Nel nostro secolo, gli artisti sono divenuti liberi di abbandonare la scala di profondità continua della pittura tradizionale. Il più semplice esempio di tale innovazione è dato dal fotomontaggio, che giustappone frammenti di sistemi spaziali completamente estranei l’uno all’altro. Le dimensioni dei vari oggetti pittorici non possono più esser confrontate all’interno dello spazio della rappresentazione. Una grande figura umana ritagliata da una foto o un piccolo albero ritagliato da un’altra non sono rapportabili tra loro fuori dello spazio pittorico della composizione, che deve rimanere unitario per essere leggibile. Analogamente, un pittore come Chagall combina scene su scale dimensionali diverse senza alcuna pretesa di istituire uno spazio naturale continuo.

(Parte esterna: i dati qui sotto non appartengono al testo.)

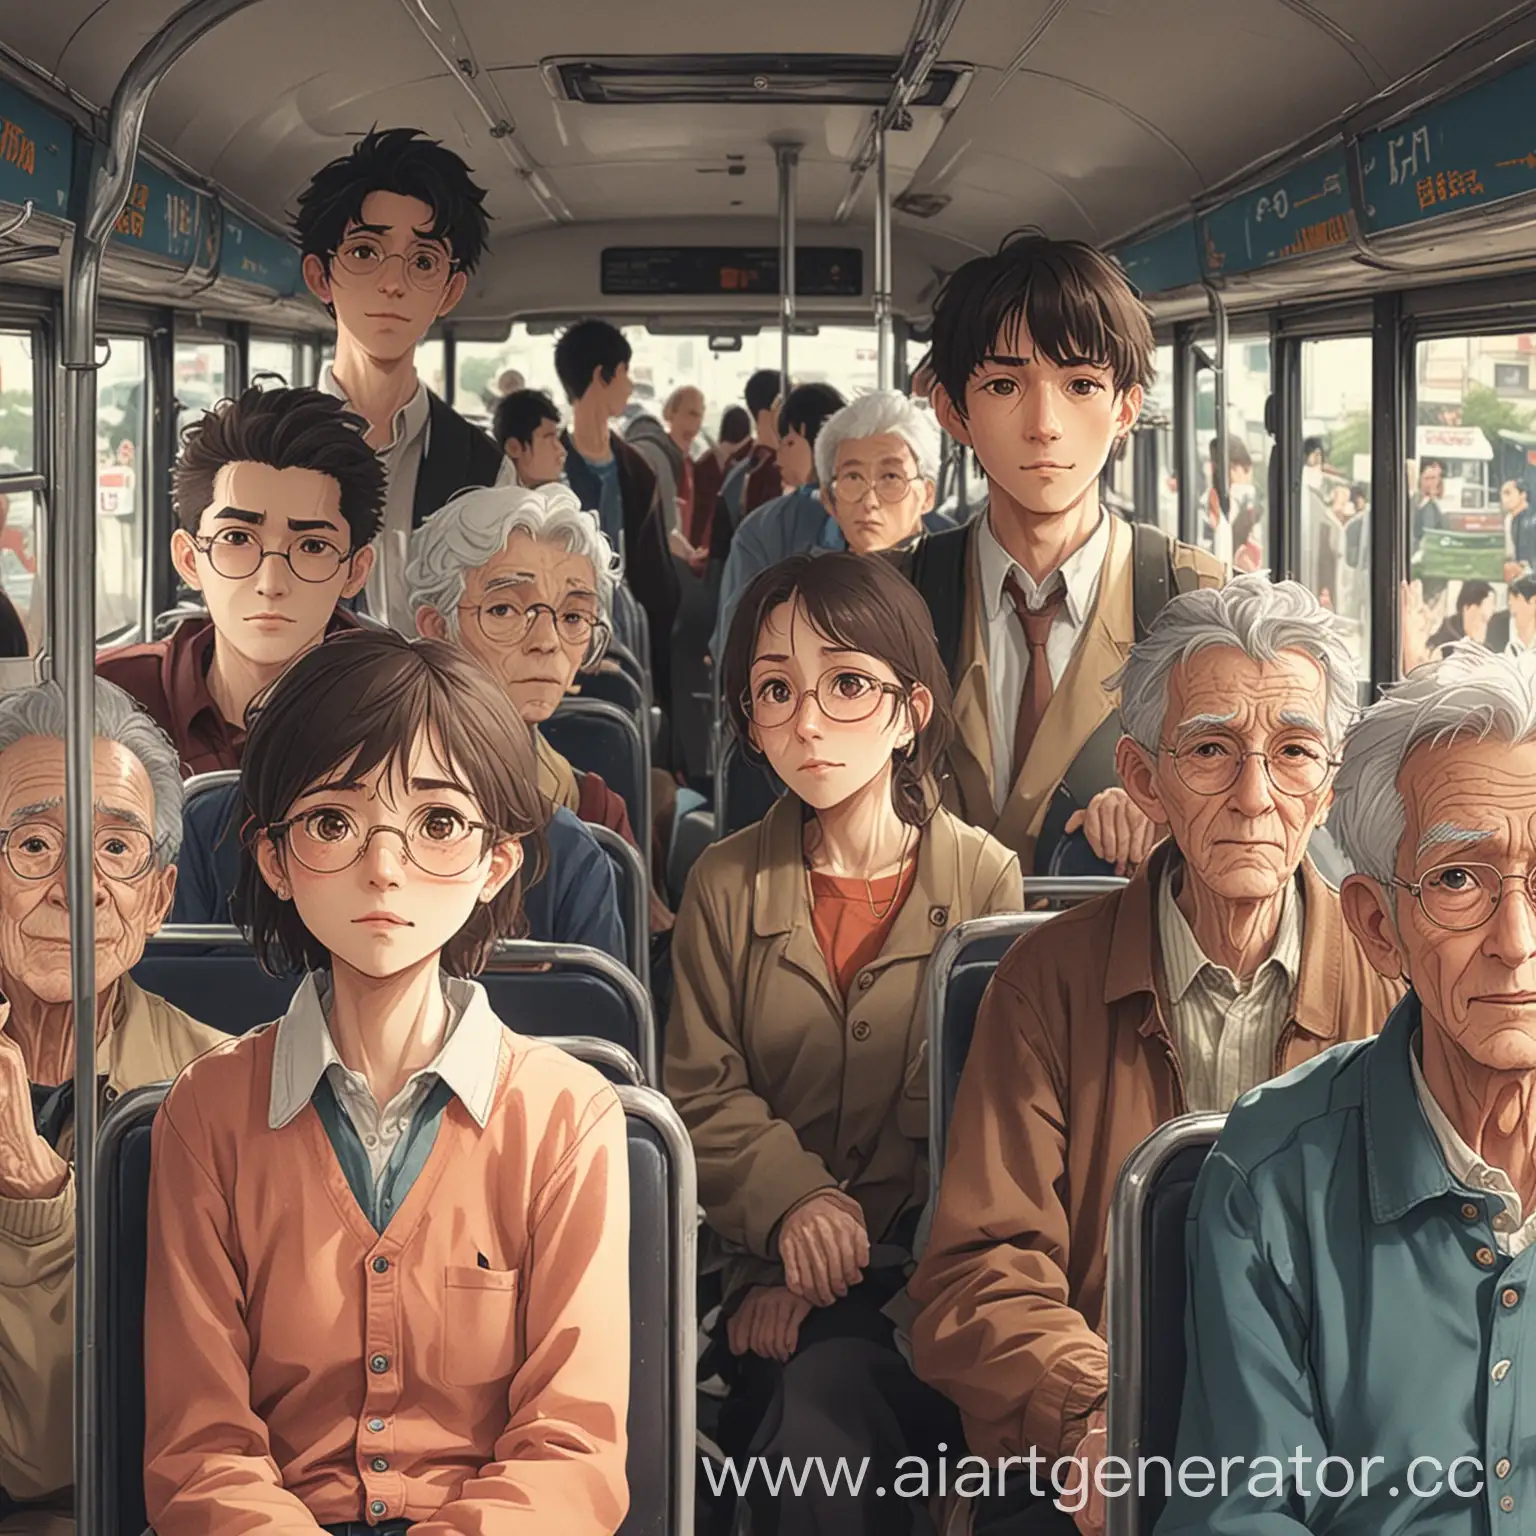 молодой человек в автобусе полный стариков в стиле аниме

L’effetto percettivo e artistico di questa recente libertà va analizzato in modo sistematico.

 

 

 

Note:
2 . Curt Glaser accettò l’interpretazione di Wulff nel 1908 e la applicò all’arte orientale in Die Raumdarstellung in der Japanischen Malerei, “Monatshefte für Kunstwiss”, 1 (1908), p. 420 sgg. Più tardi Glaser la respinse in gran parte nel suo Die Kunst Ostasiens, Insel, Leipzig 1920; Erwin Panofsky criticò le posizioni di Wulff in Die Perspektive als symbolische Form, “Vörträge d. Bibl. Warburg 1924-1925” (trad. it., La prospettiva come “forma simbolica” e altri scritti, Feltrinelli, Milano 1961, pp. 37-117).